Продолжение рассказа Леонида Вертеля "Из жизни послевоенных Микашевич"(Школа)

В послевоенных Микашевичах было три центра притяжения, вокруг которых, так или иначе, вертелась жизнь местечка. На первом месте шел райком партии, куда сходились все нити хозяйственно-политического управления  районом, на втором - заводоуправление, командовавшее лесопильным производством  и на третьем… правильно, школа!
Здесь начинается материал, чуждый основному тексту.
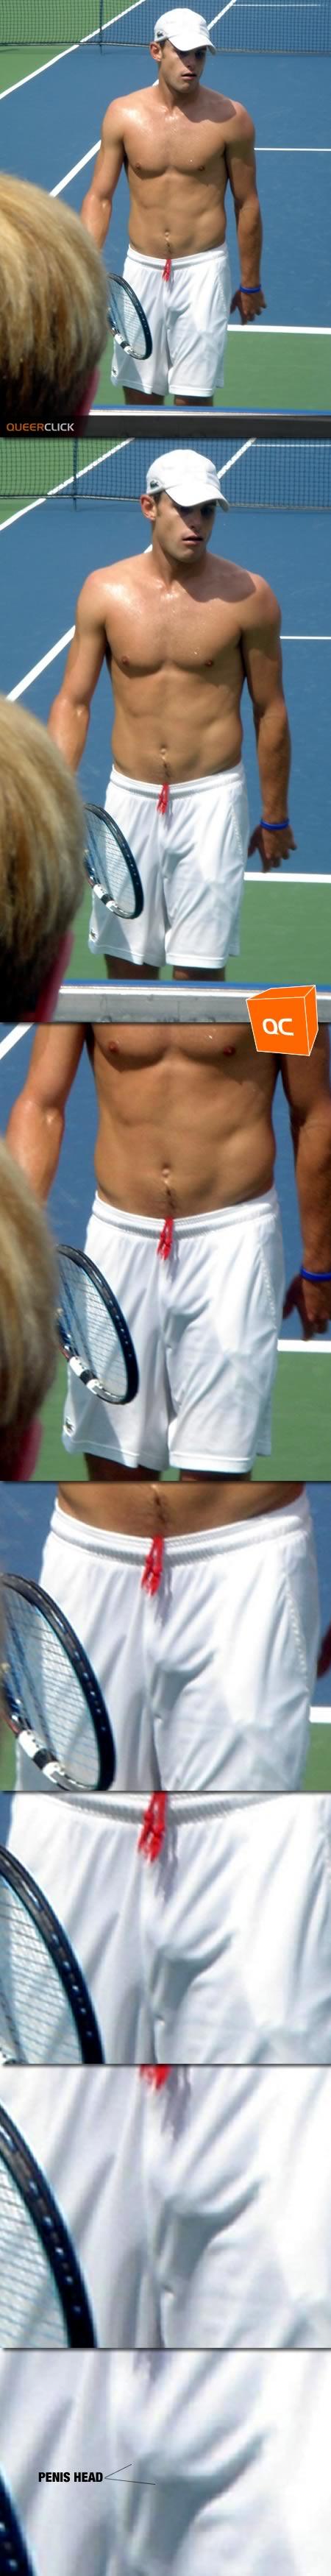 andy-roddick-bulge.jpg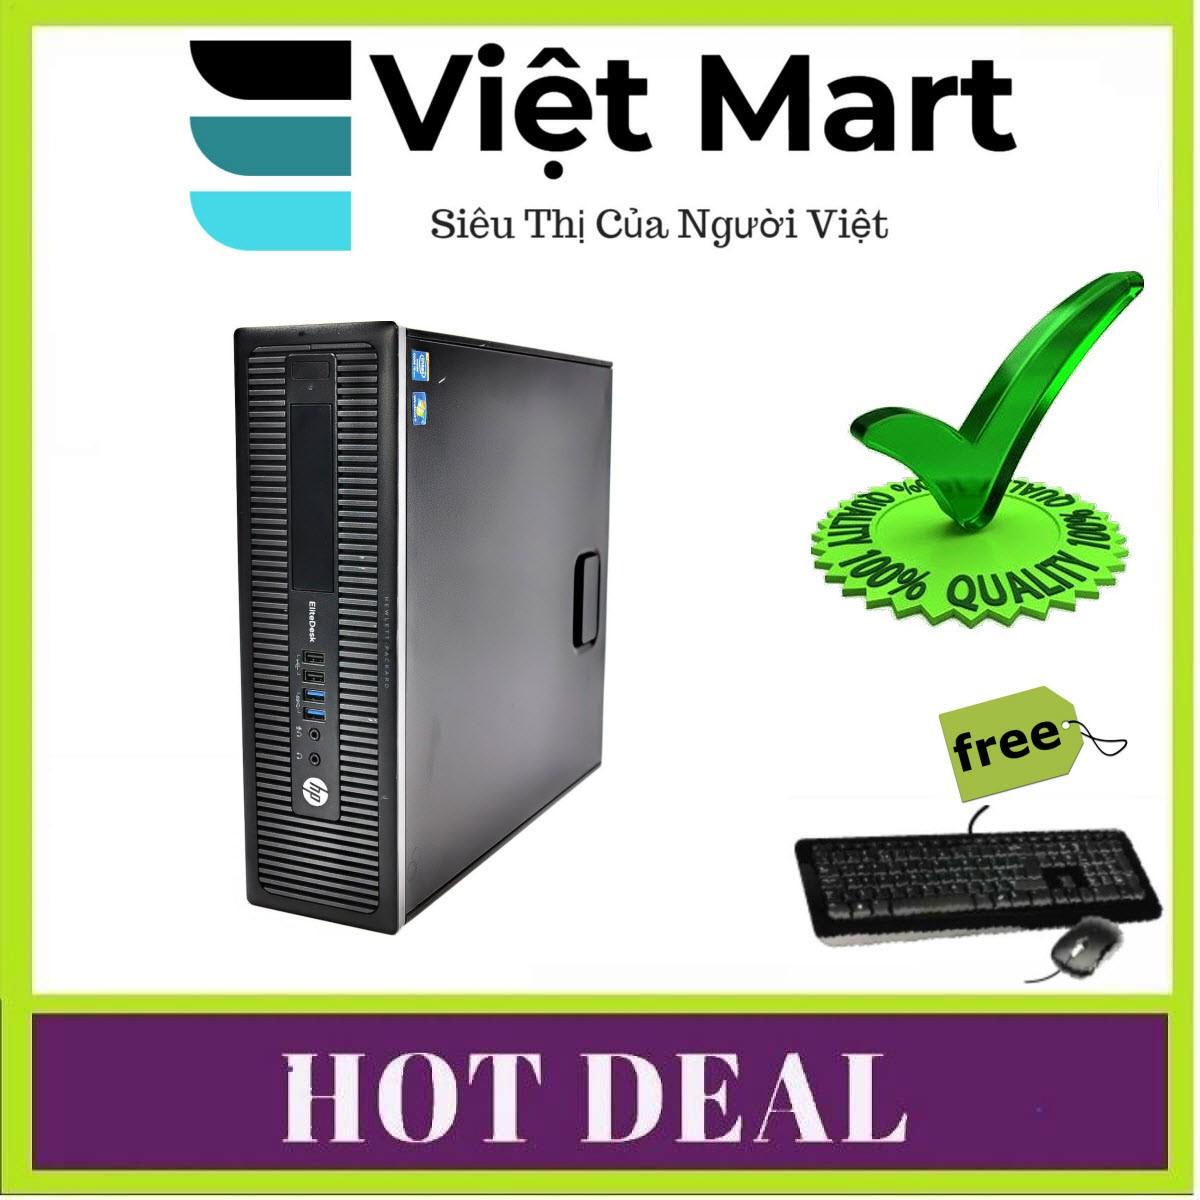 HP ELITE DESK 800 G1 ULTRA SLIM PC I5 4460S - RAM 4GB - HDD 500GB

Как раз к началу мирной жизни  доросли до похода за знаниями дети, родившиеся перед войной. Тот предвоенный период, не только оставил у взрослых ностальгические воспоминания о счастливых сытных временах, но ещё и материальное тому подтверждение в виде обильной поросли «цветов жизни». И хотя стриженные домашними ножницами «цветы» были бледно-рахитичными от постоянного недоедания, их широко распахнутые глазенки  смотрели на мир с радостью и надеждой. Надеждой, что все ужасы войны уже в прошлом, что всё теперь станет по-другому, что кусочек счастья судьба припасла и для них. Ну, а где, как не в школе, искать ребенку свой заветный кусочек счастья!

Пока отец строил дом, наша семья ютилась в здании из красного кирпича, которое и сегодня стоит позади   школы. В те времена там находился лесхоз, где семье главного лесничего было позволено снимать временно две комнатенки. Так что, весь путь, проделанный мной первого сентября  до школы, составил всего-то полсотни метров.

Собралось нас первоклашек аж сорок два гаврика. Для такой оравы был выделен самый большой класс на первом этаже одноэтажной пристройки в самом левом углу. Хорошо помню, как мама привела меня за руку и очень   торжественно  (наверное, с надеждой, что я проникнусь важностью исторического момента)  передала свое чадо первой учительнице -- Вере Адамовне Курчевой. Хочу сразу признаться, что стартового импульса мне хватило ровно на четыре класса. Их я закончил с отличием. Ну, а дальше… ладно, об этом чуть позже.

Школа в Микашевичах была видная. Каменная, о двух этажах, с большими светлыми классами, в самом центре, на углу улицы Ленинской и Школьной. Она и сегодня в строю, и, хотя в городе появились еще две новые, лицо свое не теряет, выглядит достойно и, как и раньше, продолжает ставить на путь истинный местную детвору.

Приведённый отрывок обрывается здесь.